Так вот, летняя погода испортилась. Черные мрачные облака наползли из-за леса, вдруг потемневшего, ставшего суровым. А ведь еще днем лес казался сказочным теремом и дарил щедро свои богатства — ароматную землянику, спрятавшуюся в траве на опушке, и яркие кнопки лисичек. Пели птицы, празднуя самую середину лета. Их подросшие птенцы уже стали на крыло — прямо передо мной, вспорхнув откуда-то из травы, промелькнул слеток сороки, точно такой же, иссиня-черно-белый, как взрослая птица, только в два раза меньше размером. Шуршали ежи, звенели в цветах пчелки-труженицы. Лес казался таким славным, уютным, как гостеприимный дом. А сейчас, в эту начавшуюся грозу, вряд ли кому-нибудь хотелось бы там оказаться. Со стоном гнулись деревья, потоки дождя хлестали с крыши. Сверкали молнии и гремел гром. Почему-то обязательно в период цветения синего дельфиниума налетает такая вот сокрушительная гроза с ветром. Высокие свечи дельфиниума, только-только опушившиеся голубыми нежными цветами, гнутся к земле, теряют драгоценные лепестки. Гроза закончится, а им уже не подняться, не стоять горделиво свечками; так и будут полусогнутые, жалкие, доцветать это лето. Каждый год такая история.
Вот и сейчас.
Гроза началась не вдруг: утро было безмятежным и спокойным, потом, к обеду, поднялся ветер, белые облака сменились черными, мрачными. Та же смена настроений происходила и в нашем поселке.
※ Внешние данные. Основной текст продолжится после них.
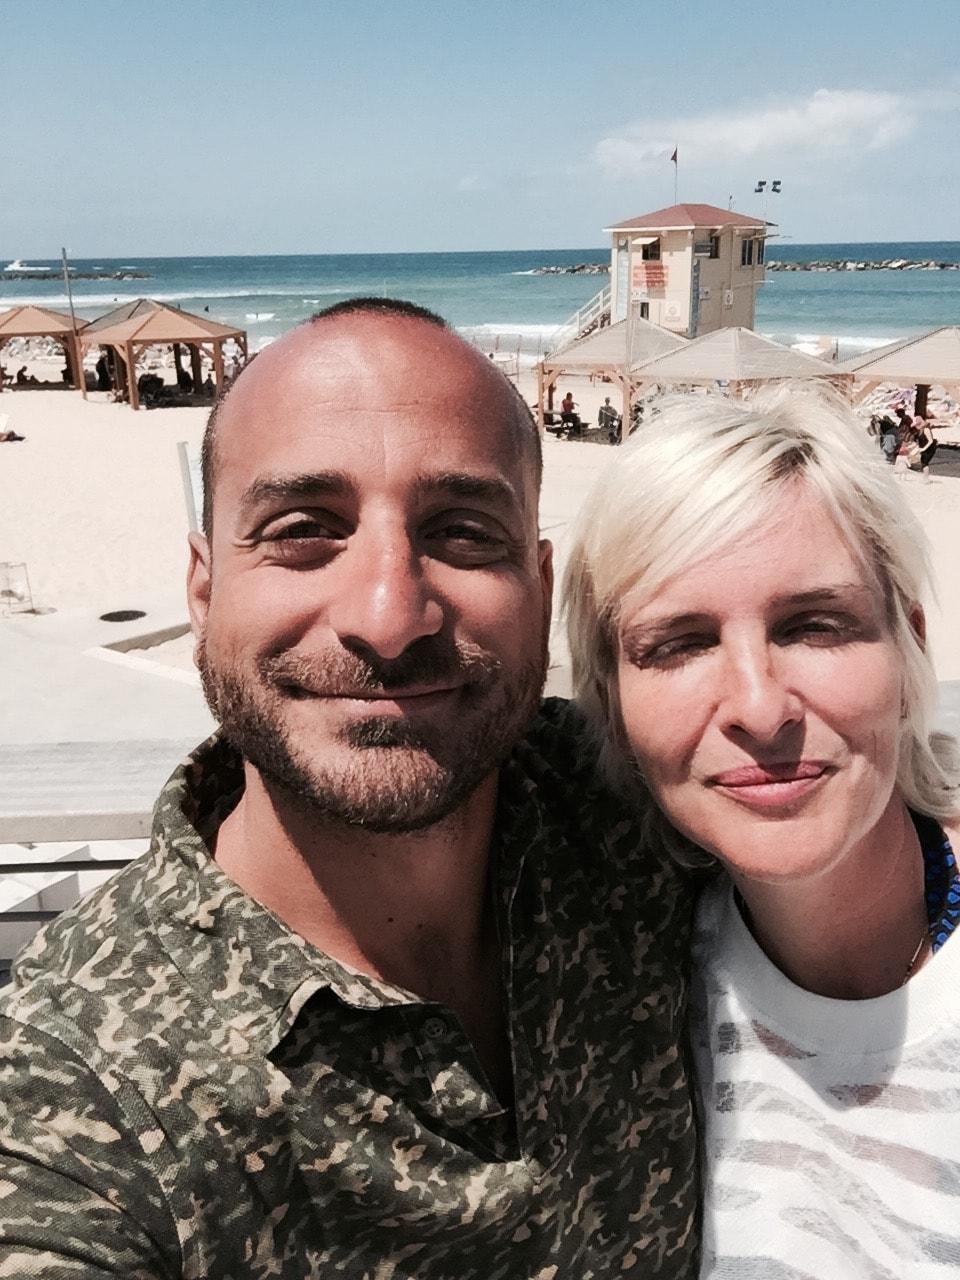 Michael,Jessica Et Laurent from Paris

Марья Михайловна, милая, невесомая старушка с белыми волосами, собранными в тощую косичку, снова ругалась с сыном Колясиком. Вернее, Колясик ругался с ней: требовал денег на опохмел. Как, когда нескладный ушастый подросток Колясик превратился в монстра, уже и не вспомнить. Говорят, была у него личная драма: приезжала к соседям на летние каникулы хорошенькая девочка-москвичка, Настя. Колясик влюбился, сидел с раннего утра на скамейке у нее перед домом. Ждал, когда выйдет, кивнет, бросит словцо. Оставлял на крылечке букеты: тяжелые, пахнущие илом и окунями лилии на толстых ножках. За лилиями бегал на речку. Почему-то считал, что они, лилии, помогут завоевать недоступную принцессу. И принцесса Настя вроде действительно оттаяла. Колясик катал ее, усадив на раму своего старенького велосипеда. А вечером долго сидели на лавочке — вместе, и до темноты слышно было «Бу-бу-бу» колясиковым ломающимся голосом и переливы девчоночьего смеха.
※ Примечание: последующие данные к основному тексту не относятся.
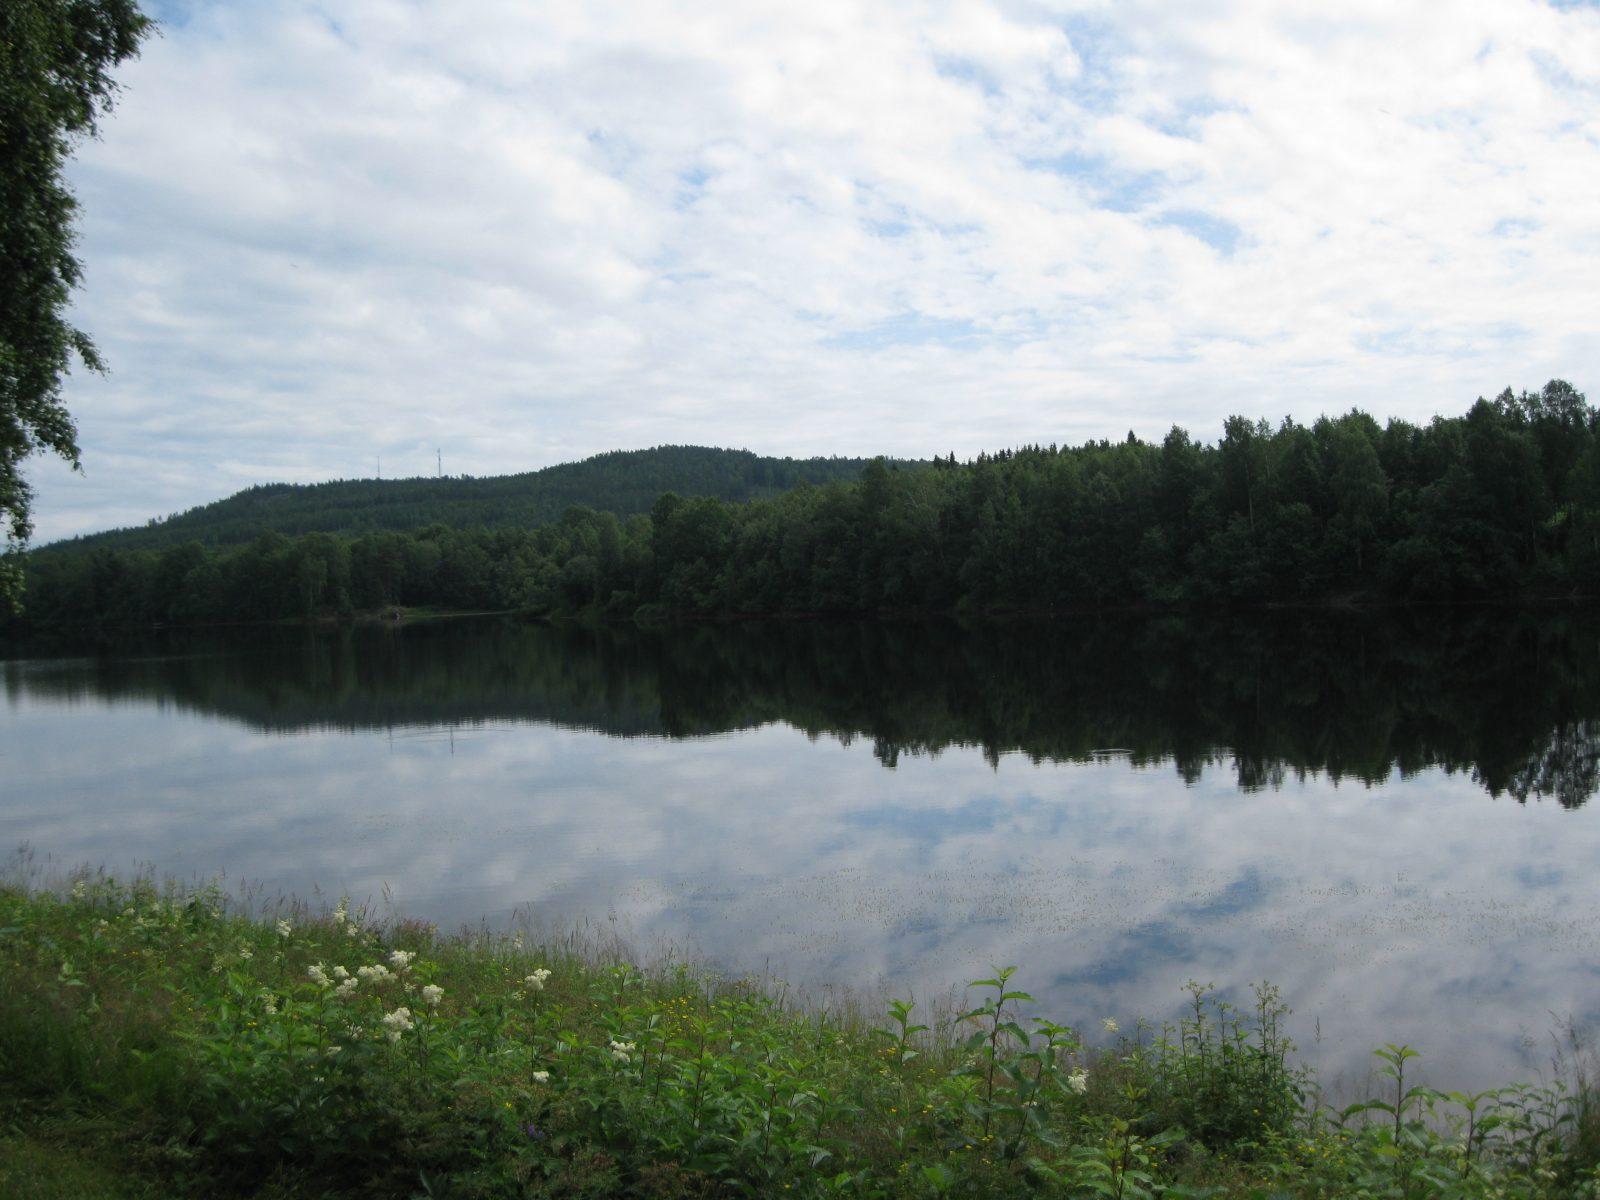 Scenic river promenad view

А потом, да простит мне читатель этот навязчивый повтор, погода испортилась. Наступил август, и вишневый блестящий автомобиль увез Настю в город, а Колясик остался. Он писал Насте письма, и она вроде бы отвечала. Потом измученный любовью поехал Колясик в город, нашел адрес, по которому слал письма. Дверь открыла Настина мама. Колясика узнала, удивилась. Сказала:
— Что же вы без предупреждения. Насти дома нет, гуляет.
И даже не предложила чаю.
Колясик вышел на улицу, не знал, что делать, куда деть себя. Решил Настю дождаться.
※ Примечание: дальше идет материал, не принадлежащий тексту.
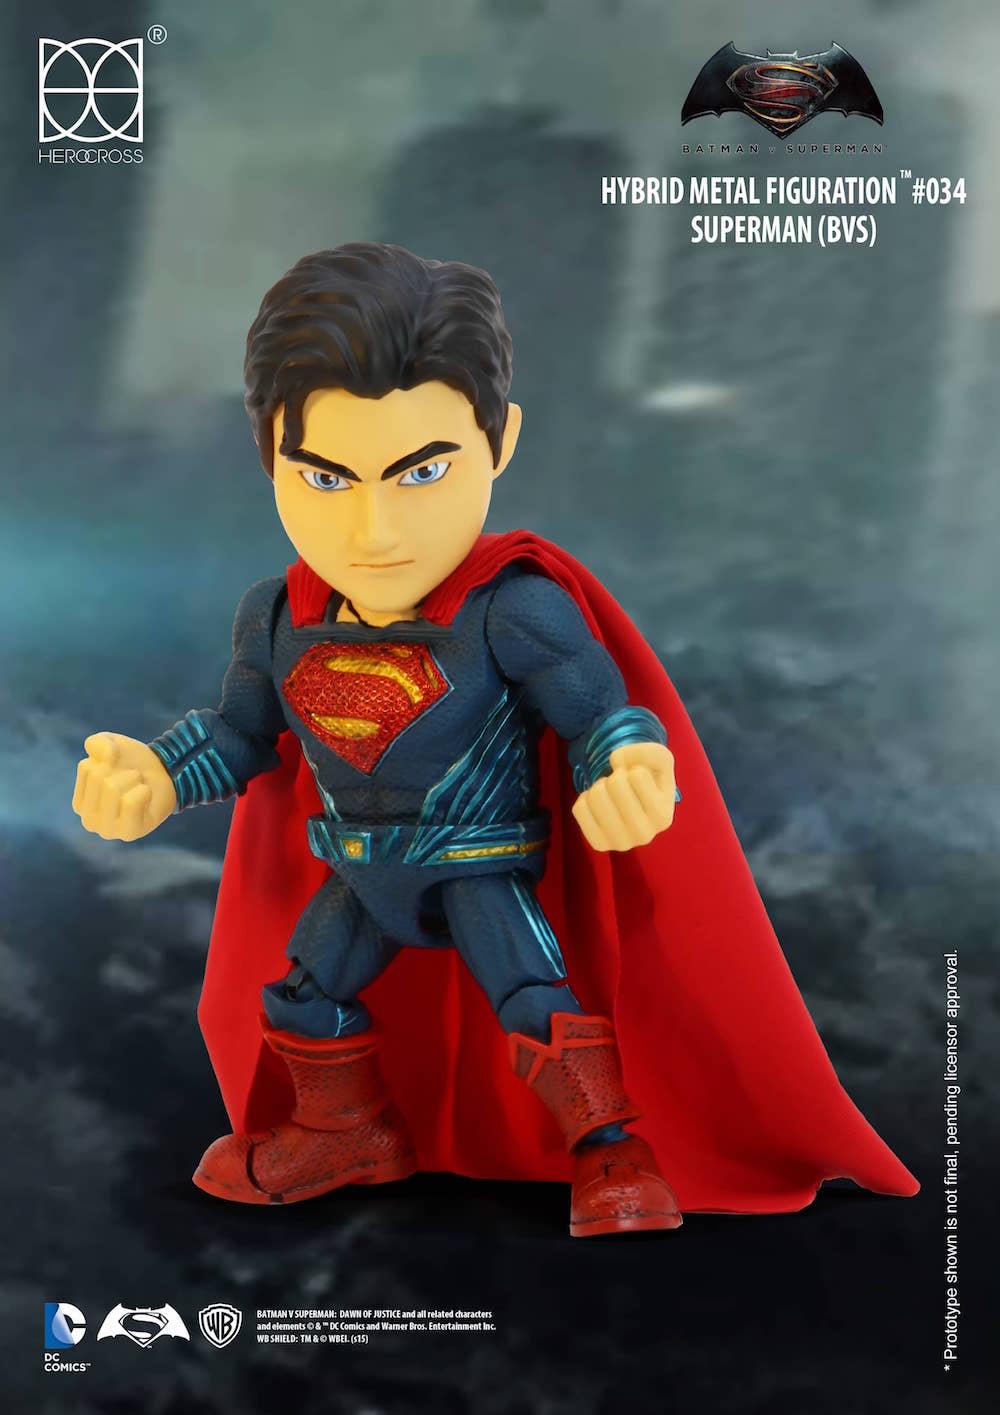 SUPERMAN FIGURA 14 CM BATMAN VS SUPERMAN DC COMICS

Она появилась только вечером, и еще издали, еще не увидев ее, услышал Колясик знакомый нежный смех, будто колокольчики звенят. Да, это была она, Настя, но будто совсем другая — выше ростом, и эти распущенные длинные волосы, и каблуки. Она цепко держала под руку коренастого парня, постарше ее. У парня были насмешливые черные глаза и топорщились темные усики, — ну чисто таракан, подумал Колясик.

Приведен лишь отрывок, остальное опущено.